A lot of it is you trying to justify what you morally judge to be ‘bad’ behaviour. Worse, there’s shame.
“You ate that chocolate when you said you wouldn’t, you’re such a f*ck up.”
When you step back and observe, you give yourself space to look at things more objectively. If you’re in a room full of delicious food that you find incredibly tempting, you’re going to have some. It’s highly likely you’ll enjoy it and eat more than you intended and it’s completely understandable. Celebrating, being with people you love, and eating, are all vital ways we connect and find meaning in our lives.
For some people, it could be the opposite – you police yourself strictly when you’re in a group, and then eat more when you’re alone.
Watch how you behave when you’re in a big group versus when you’re alone. There will be times when you find it easier to say no to foods you find enjoyable or simply don’t notice them.
The point isn’t to judge yourself as good or bad. It’s to see patterns so you can work out your next steps.
The next step isn’t about getting a sterner internal police officer. It’s about working on what you need to take care of yourself.
This kind of observation of yourself is important because it’s impossible to change unless we first acknowledge our patterns of behaviour.

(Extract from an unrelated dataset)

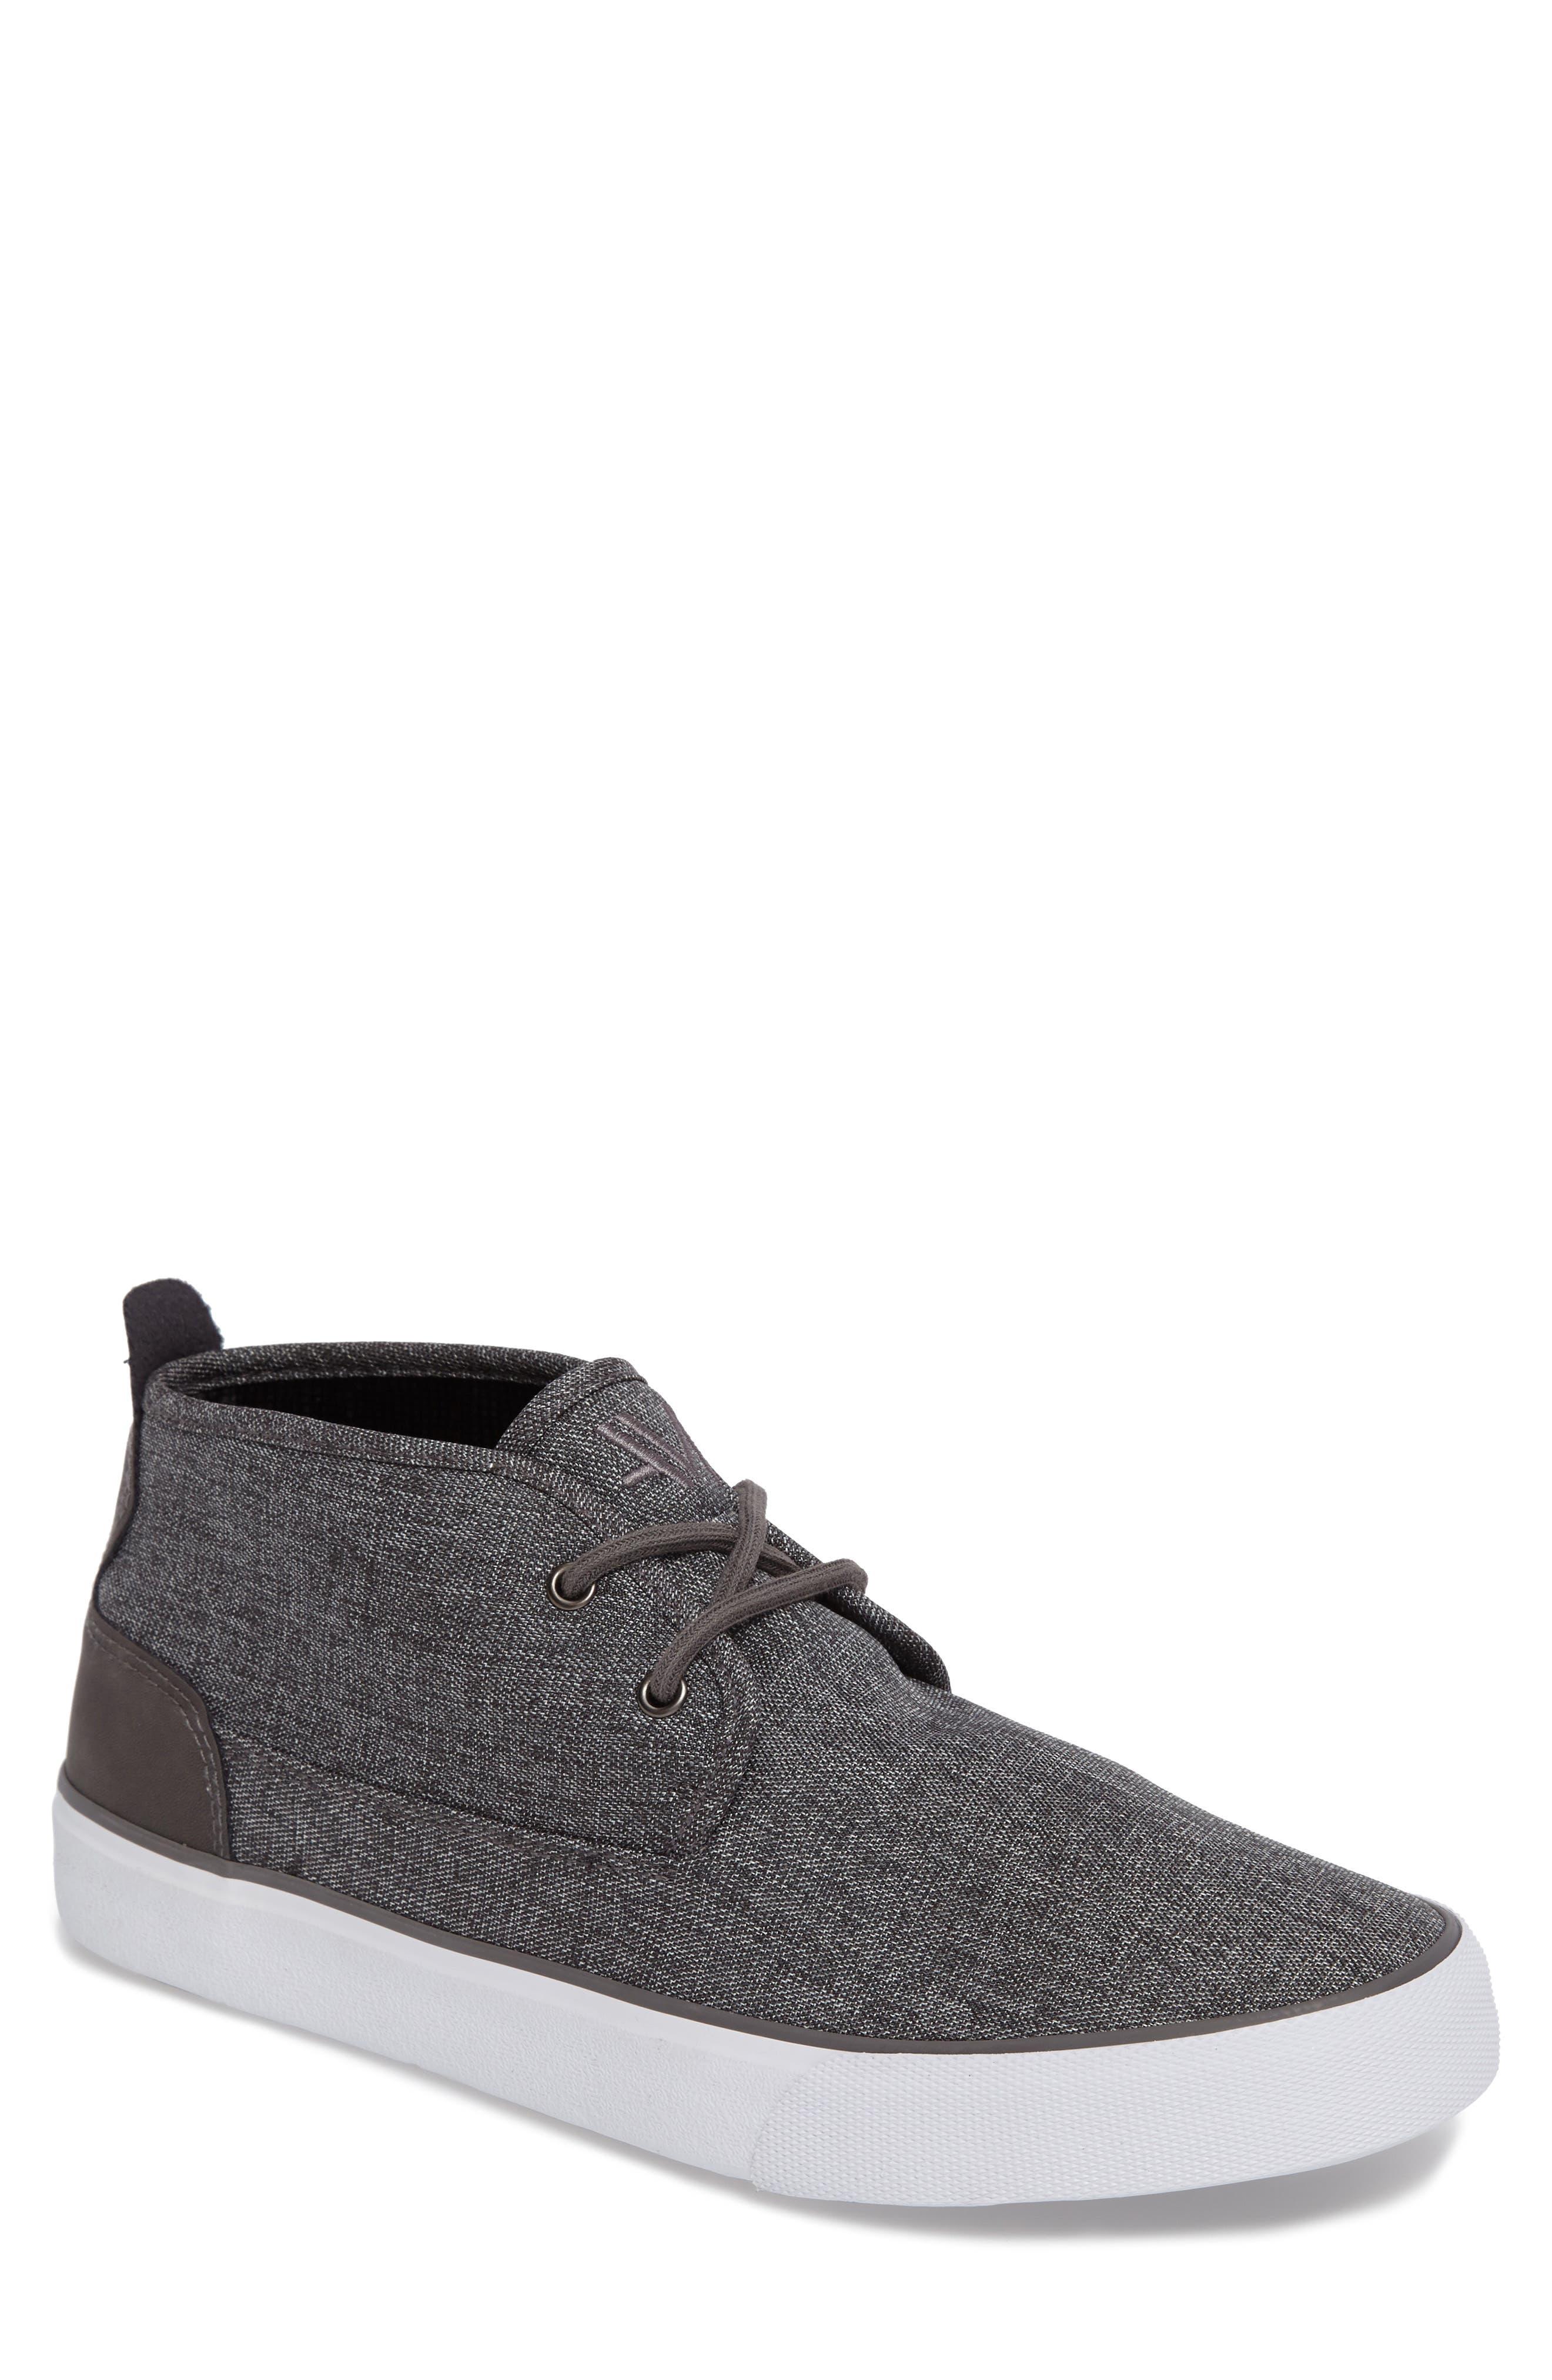 Reade Chukka Sneaker,                             Main thumbnail 1, color,                             Charcoal/Dk Charcoal/White

It’s very tempting to think of Christmas as the perfect time for a big reframe.
But now isn’t the time to make changes because you – and everyone around you – is under similar pressures, and practicing varying ways of self-soothing. If food or alcohol is a way you self-soothe and you want to change it, it’s very difficult to do that at the most stressful time of year when both are present in extra generous quantities.
All I suggest you do this Christmas is notice. Set an intention to be genuinely curious, like you’re David Attenborough watching zebras. It’s difficult because as soon as you notice something – for example, that you ate more than you thought you should during a big family meal – the critical voice in your head is immediately going to want to explain things. It wants to assign meaning and certainty to it, usually a negative judgement of yourself or others, or both. It will do this in an instant, before you realise it.
So all you’re doing at this stage is gathering information. It’s going to help you form a life blueprint, a way to see what works for you, and what doesn’t.
And no, this isn’t a way to come up with New Year’s resolutions either. The goal is to begin a new phase of your life. There’s no finish line – it’s about finding purposeful, loving ways to create your life rather than always reacting to what’s going on around you.